• _YOUR GOAL_: Transcribe the data that follows without changing a word, and omit the pictures.

• _RAW DATA_:
_ _ _ _ _
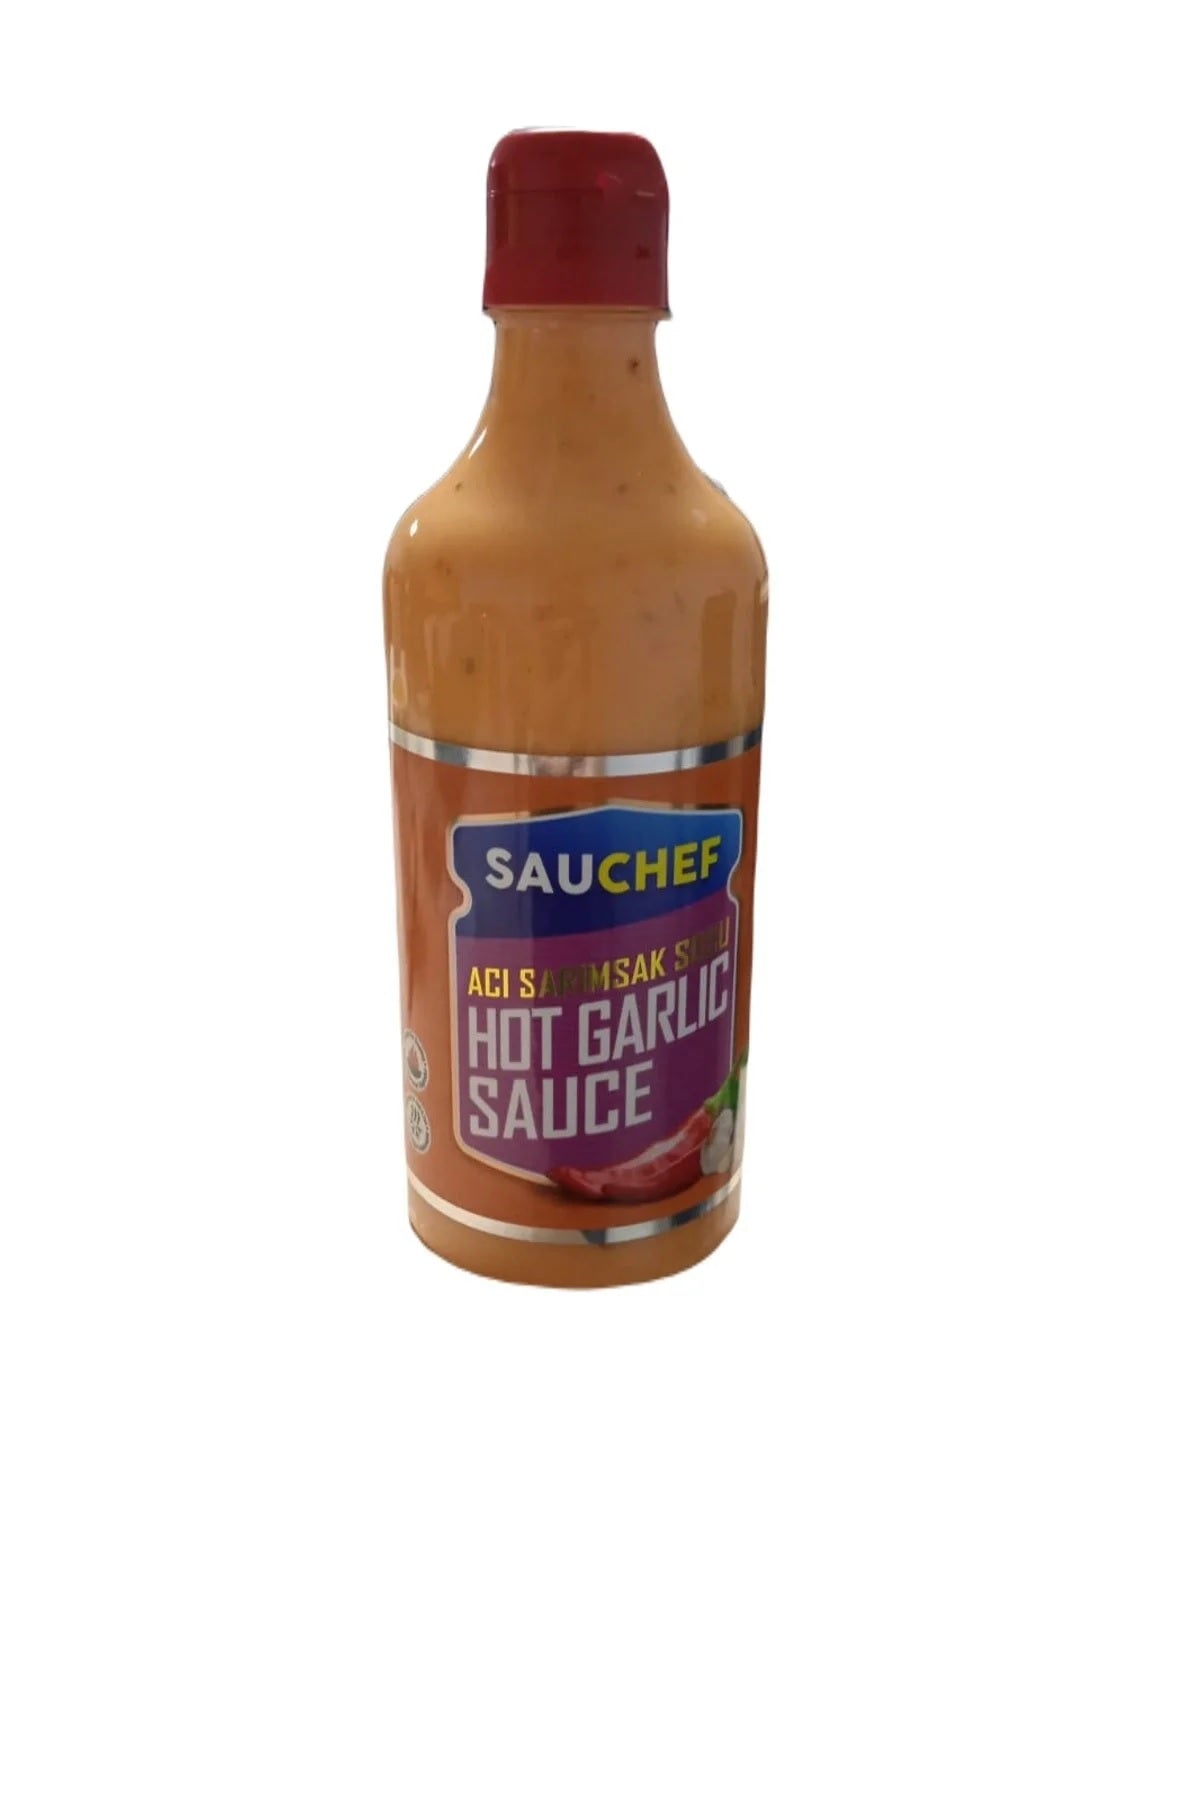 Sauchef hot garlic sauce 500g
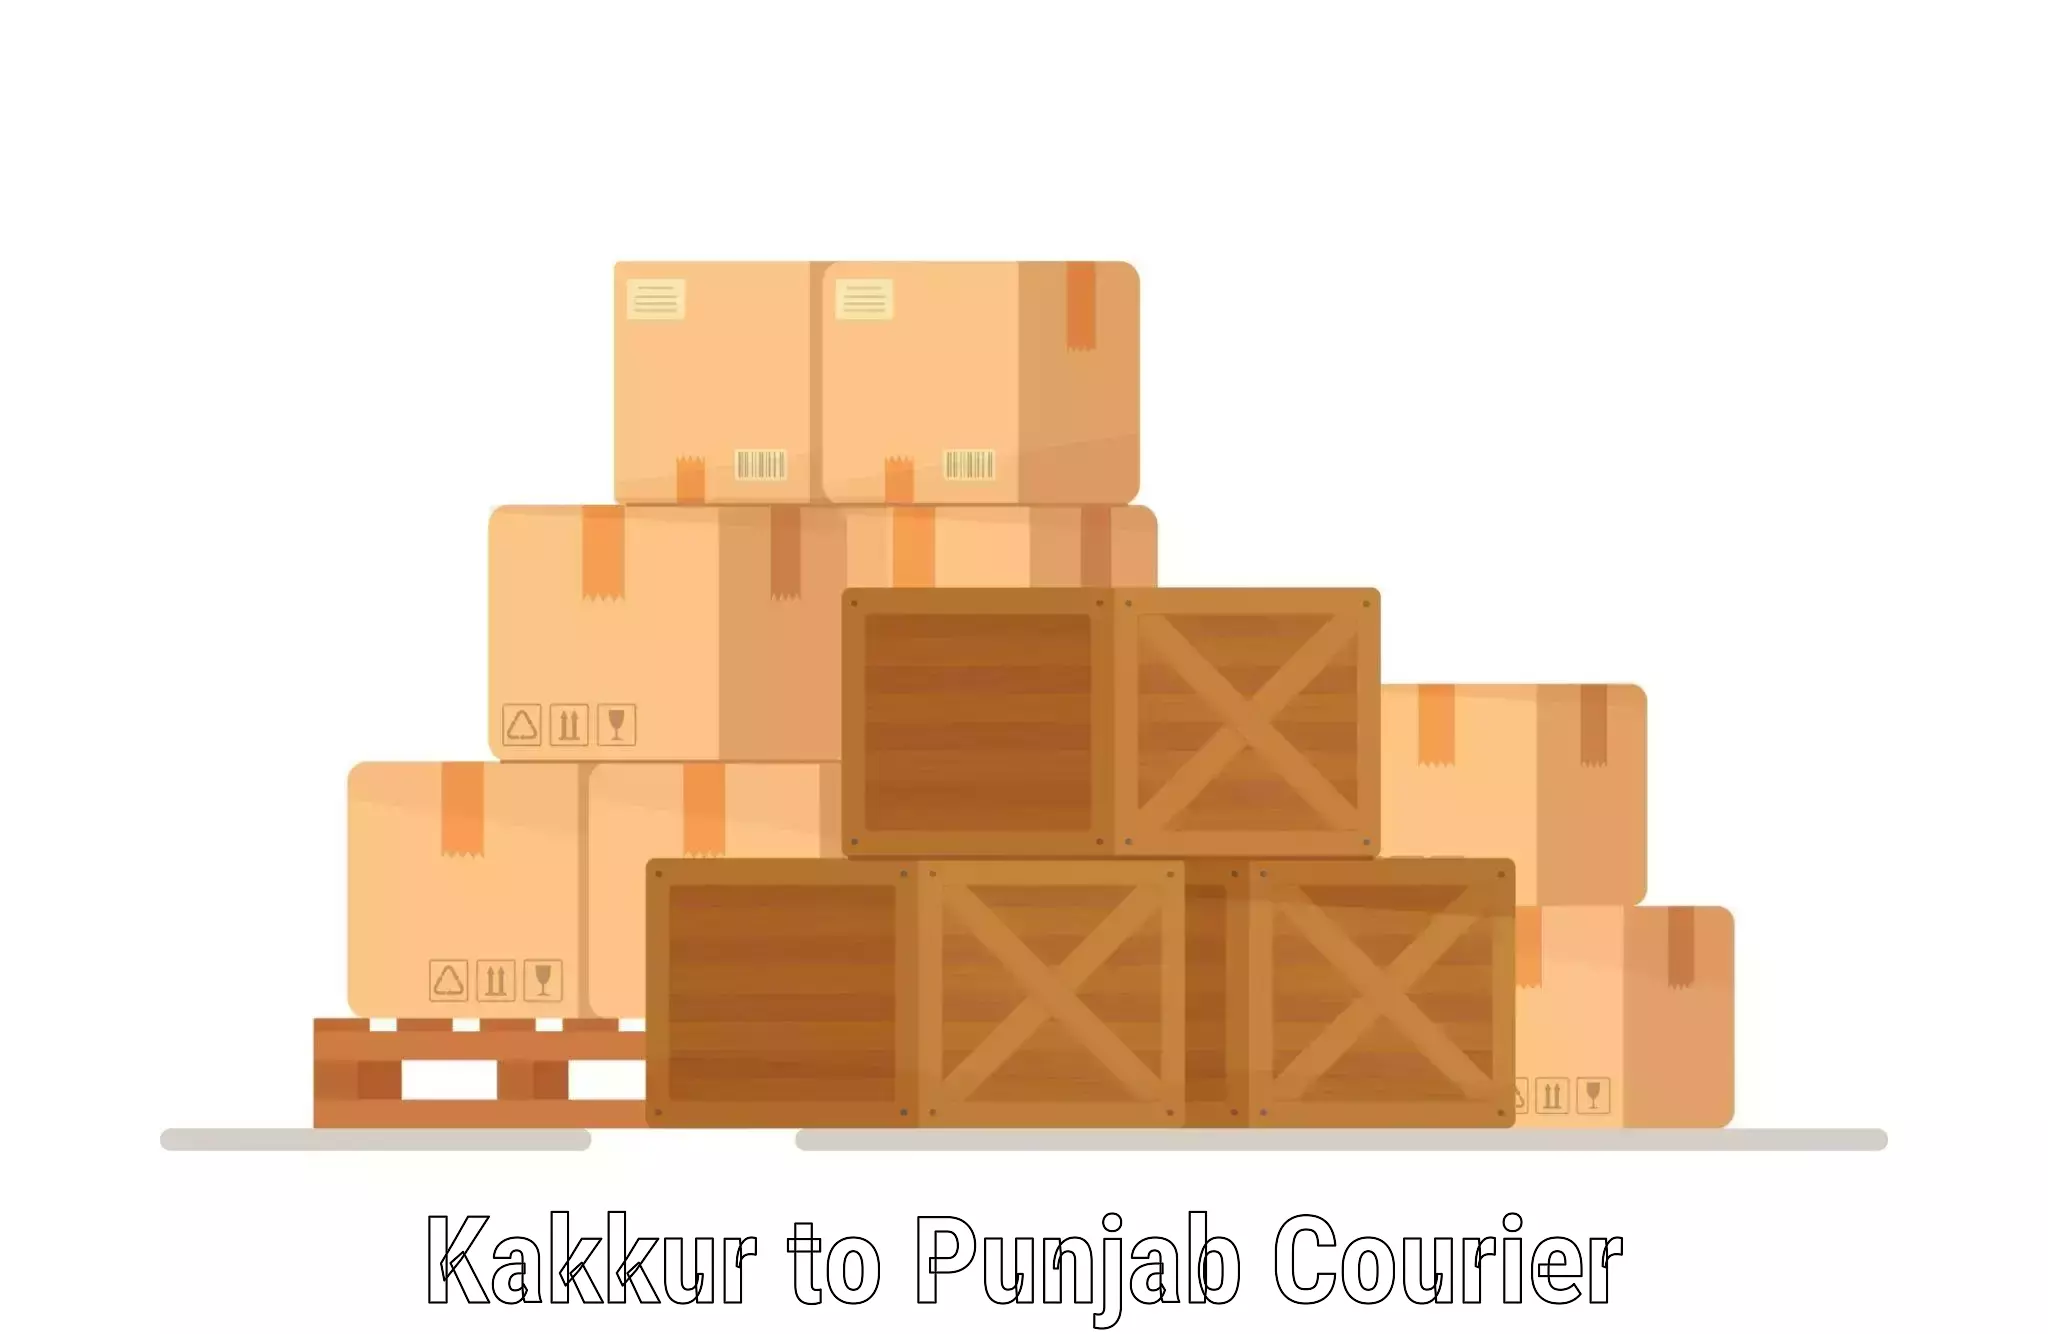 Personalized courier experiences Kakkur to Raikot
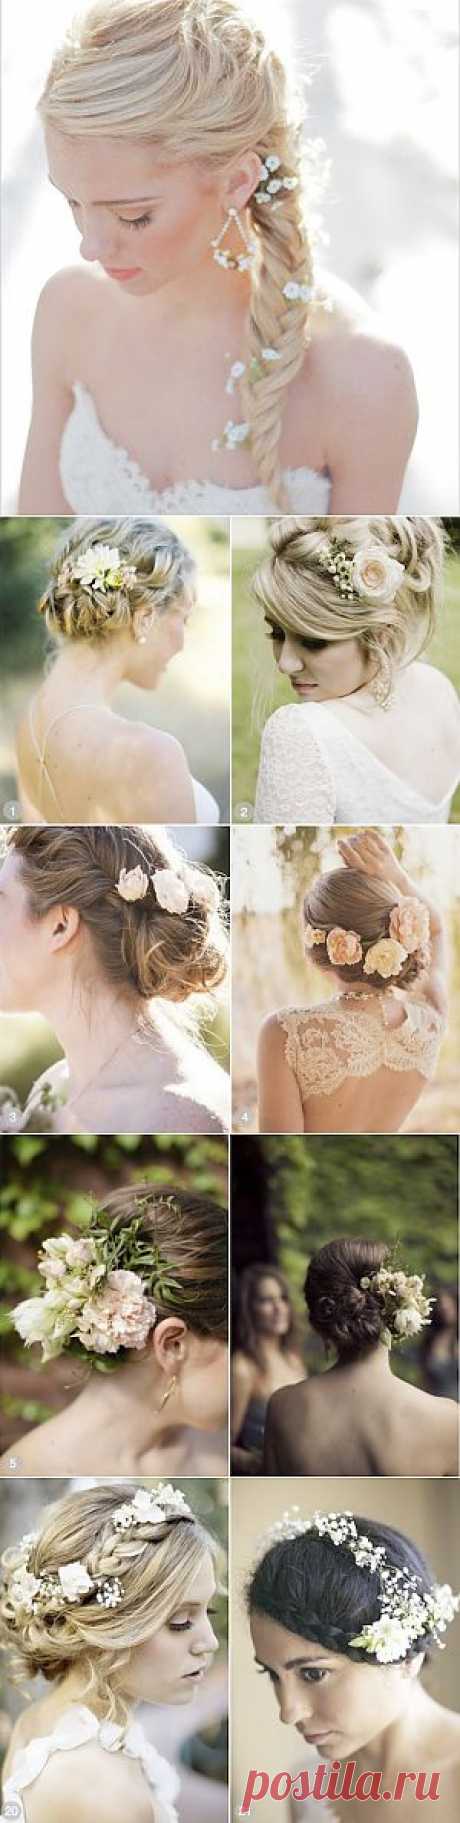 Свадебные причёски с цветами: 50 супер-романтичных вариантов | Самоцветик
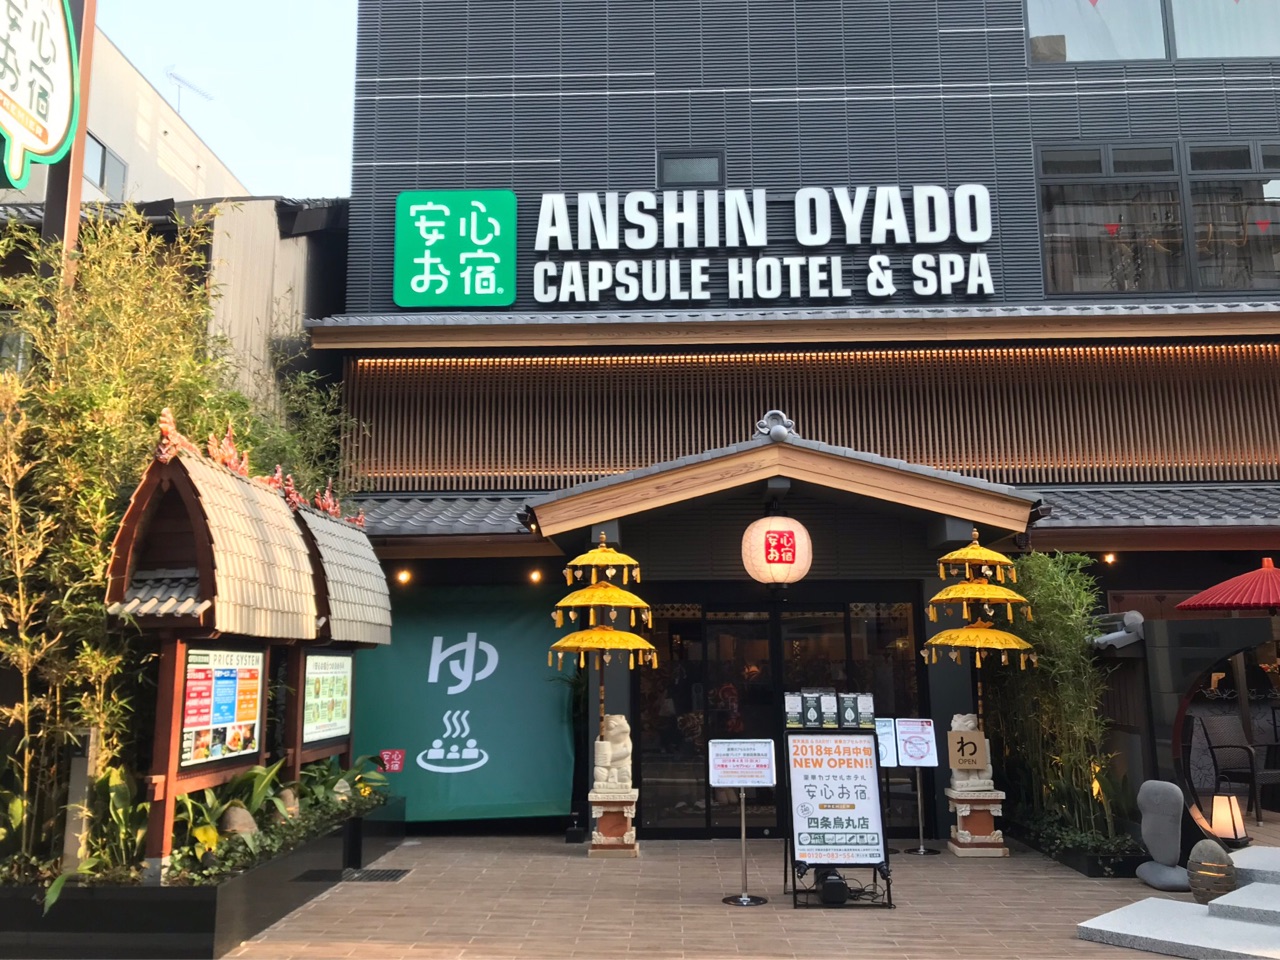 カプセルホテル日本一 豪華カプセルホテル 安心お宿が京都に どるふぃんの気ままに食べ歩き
_ _ _ _ _
• _EXERCISE RESULT_:
 Sauchef hot garlic sauce 500g
 Personalized courier experiences Kakkur to Raikot
 Свадебные причёски с цветами: 50 супер-романтичных вариантов | Самоцветик
 カプセルホテル日本一 豪華カプセルホテル 安心お宿が京都に どるふぃんの気ままに食べ歩き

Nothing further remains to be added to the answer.